Выдергиваю из ранца маску Аполлона, сую ему в лицо. Удостоверений нам не положено, но маска заменит любую ксиву. Никто, кроме Бессмертного, такую носить не посмеет. И полицейский об этом знает.
– Предупреждение о теракте… Угрозы. Партия Жизни… Эти ублюдки. Сказали, разнесут Сады Эшера к чертям… Пожалуйста, к западному выходу… Эвакуация.
– Я на задании. Мне нужно тут дождаться поезда…
– Поезда остановлены, пока мы не найдем бомбу. Пожалуйста… В любую секунду тут может… Вы понимаете?!
Партия Жизни. Перешли от слов к делу. Следовало ожидать.
Эти овчарки в погонах уже почти согнали всех в дальний угол. А если террорист в толпе? Если бомба у него? Что за бред?!
Хочу сказать об этом полицейскому, но затыкаюсь на полуслове. Он меня не послушает, и он все равно ничего не решает. И потом, я тут не мир спасаю, у меня свои дела. Поскромнее.
– Мне нужен транспорт! – Я хватаю его за ворот. – Любой!
Вдруг замечаю открытый аэрошлюз, а в проеме – присосавшийся к внешней стене башни полицейский турболет. Оттуда-то они и валят. Вот он, шанс.
– Маршем! – командую я себе.
Отпускаю его и двигаю к аэрошлюзу. По пути натягиваю на себя маску. Меня больше нет; Аполлон за меня. Голова становится легкой, мышцы поют, словно стероидами обколоты. Некоторые считают, что мы носим маски ради анонимности. Чушь. Главное из всего, что они дают, – свобода.
Полицаи при виде Аполлона расступаются и как-то вообще скукоживаются. У нас с ними непростые отношения, но сейчас не до церемоний.
– Забудь о смерти!
– Что надо? – Навстречу, поднимая забрало шлема, шагает могучий бычара. Старший, наверное.
– Мне необходимо срочно попасть в башню «Гиперборея».
– Отказать, – отбрехивается он сквозь амбразуру своего шлема. – У нас спецоперация.
– А у меня – поручение министра.
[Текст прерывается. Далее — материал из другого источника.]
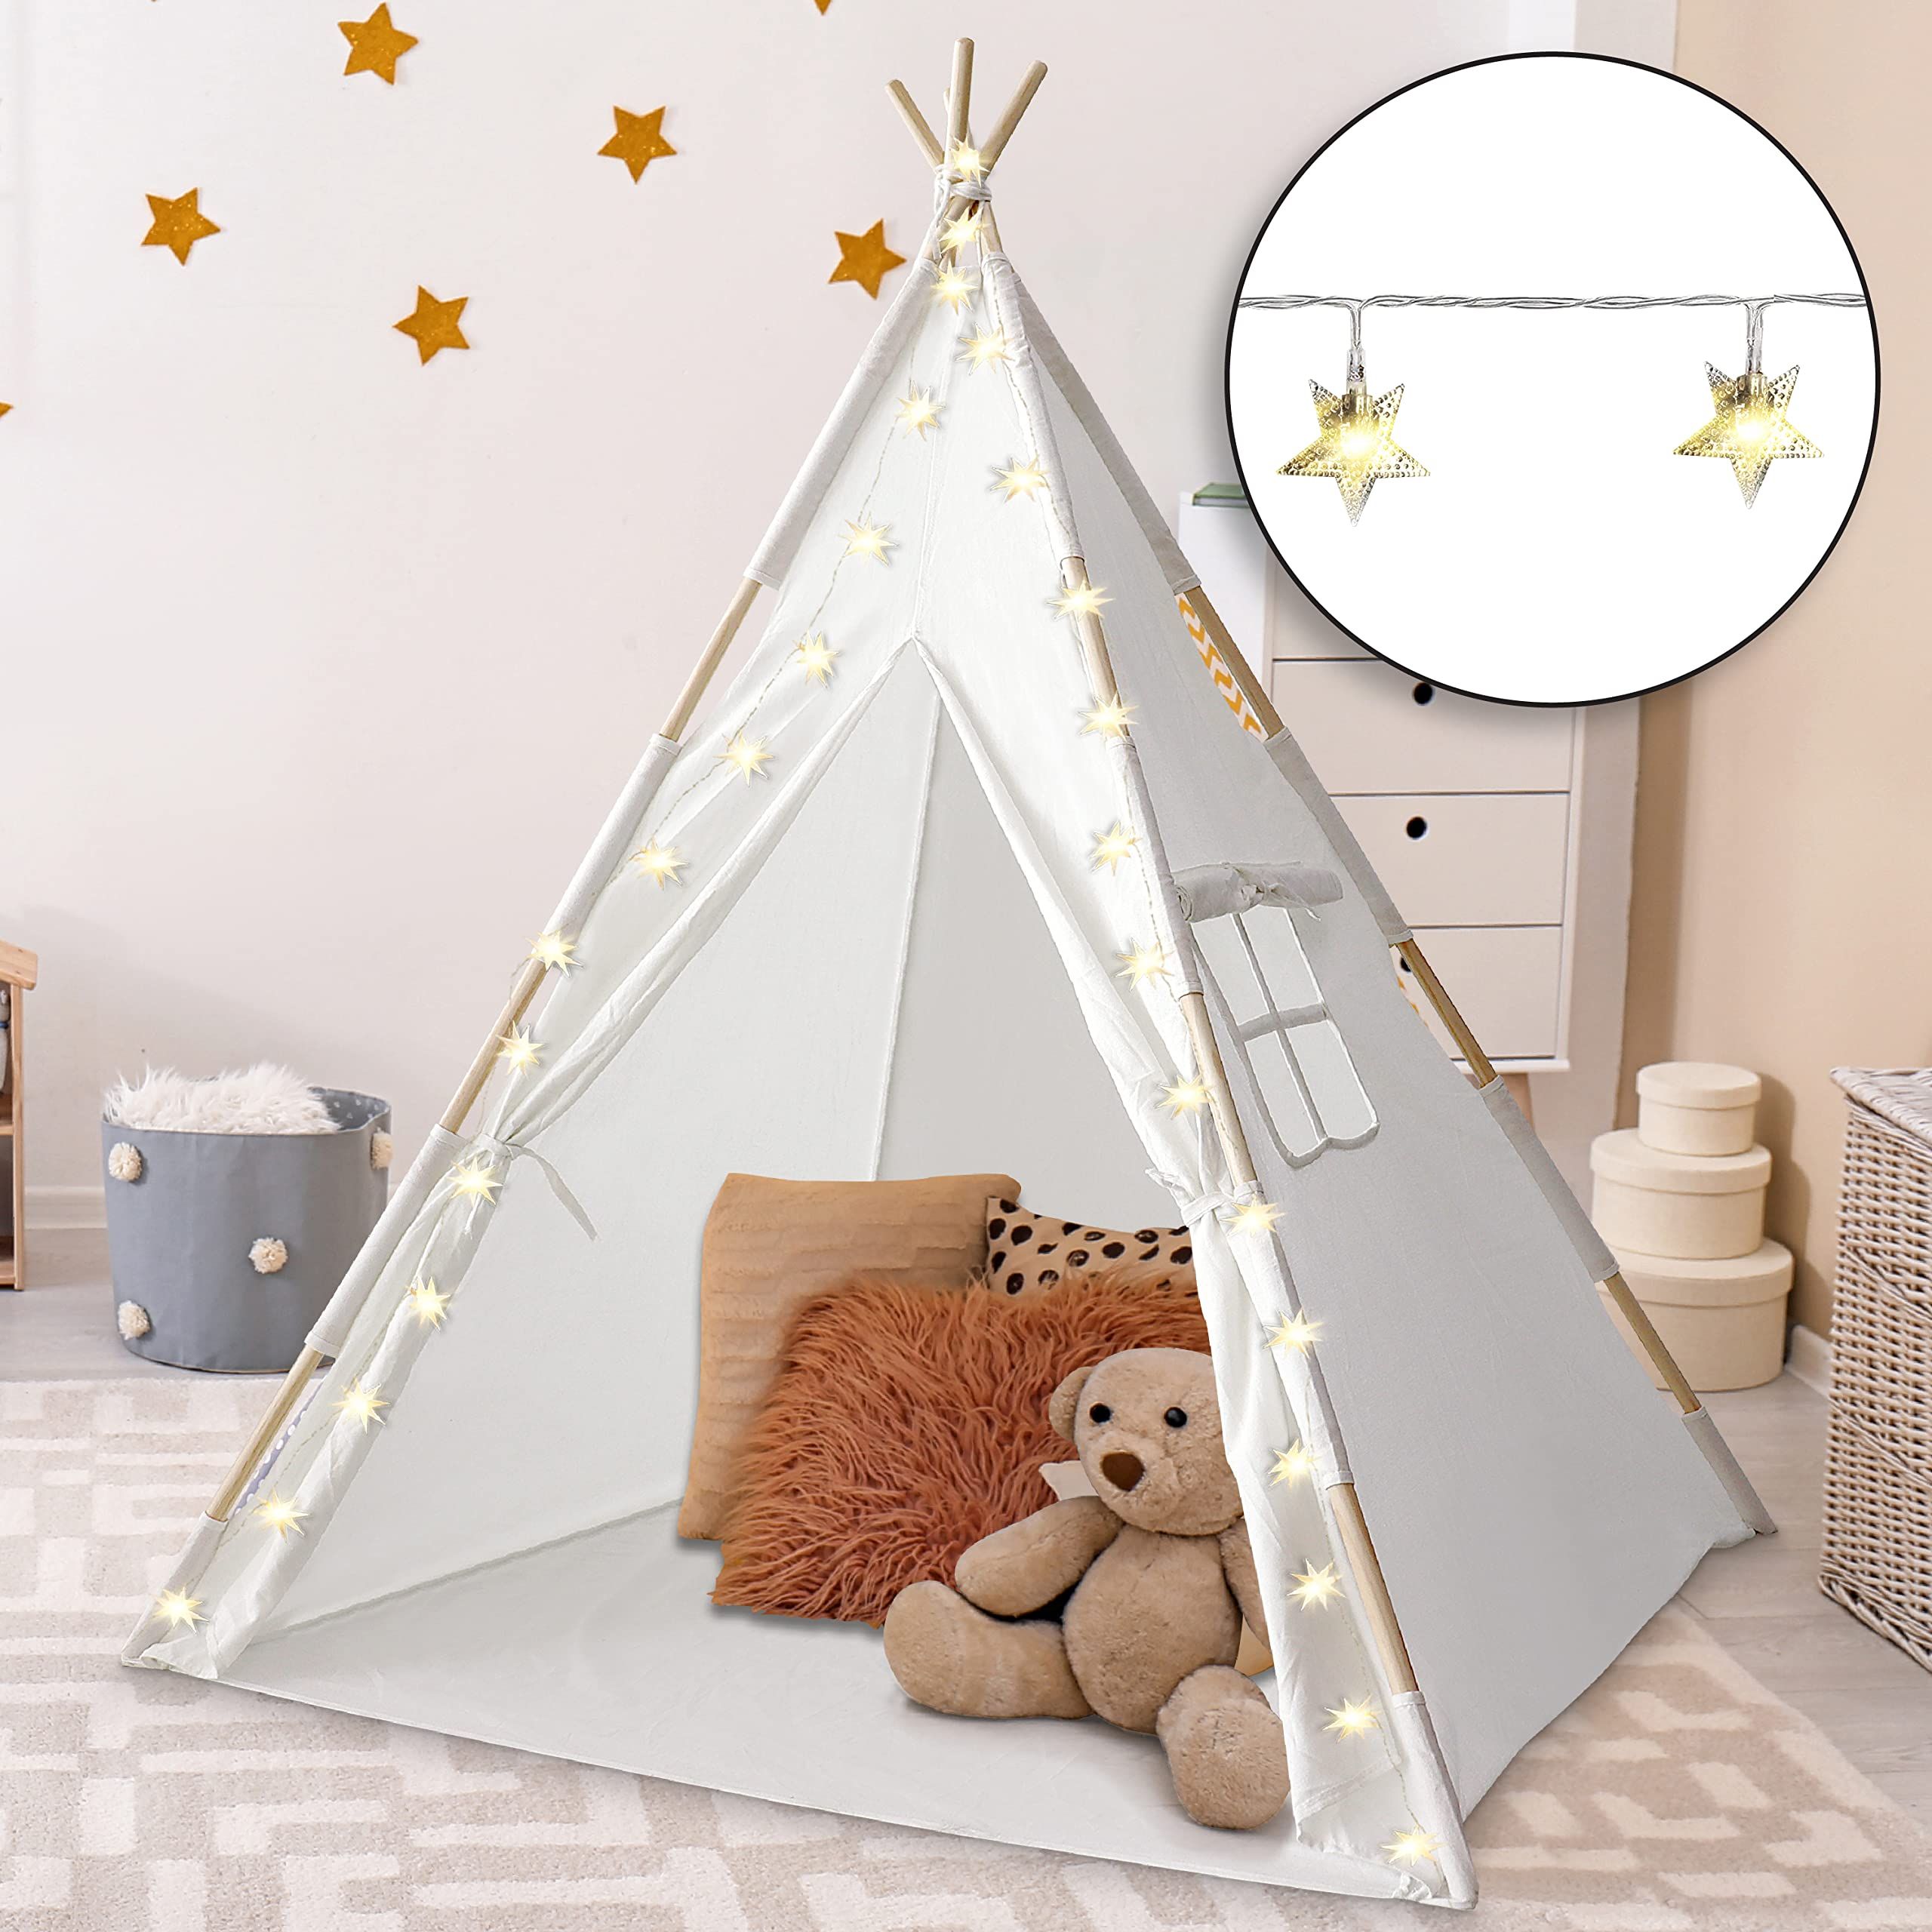 Orian Toys Teepee Tent for Kids: Child’s Indoor Outdoor Canvas Fairytale Tipi Playroom, LED Star Lig | Amazon (US)

Из-за вашего бардака все и так на грани срыва.
– Исключено.
Тогда я делаю ход конем – хватаю его за запястье и тычу ему в руку сканером.
– Эй!
Звонит колокольчик.
– Константин Райферт Двенадцать Тэ, – определяет сканер, прежде чем Константин Райферт Двенадцать Тэ успевает выйти из ступора. – Беременностей не зарегистрировано.
Бычара отдергивает руку и пятится от меня, бледнея так резко, словно я ему шею взрезал и всю его дурную кровь спустил.
– Послушай, Райферт, – говорю ему я. – Подбрось меня до «Гипербореи», и я забуду твое имя. Продолжай кобениться – и на работу завтра можешь не выходить.
– Много о себе думаешь! – рычит он. – Ваши не вечно министрами будут.
– Вечно, – заверяю его я. – Мы же бессмертные.
Он еще молчит и демонстративно скрежещет зубами, но я-то понимаю – это для маскировки, чтобы не было слышно тихого хруста, с которым я переломил ему хребтину.
– Ладно… Туда и обратно.
Рядом к стене пришвартовывается еще один такой же аппарат – рама с четырьмя винтовыми турбинами и капсула с пассажирами. Но вместо полиции в проем шлюза прыгает какая-то телочка с надписью «Пресса», туго натянутой на задранный бюст.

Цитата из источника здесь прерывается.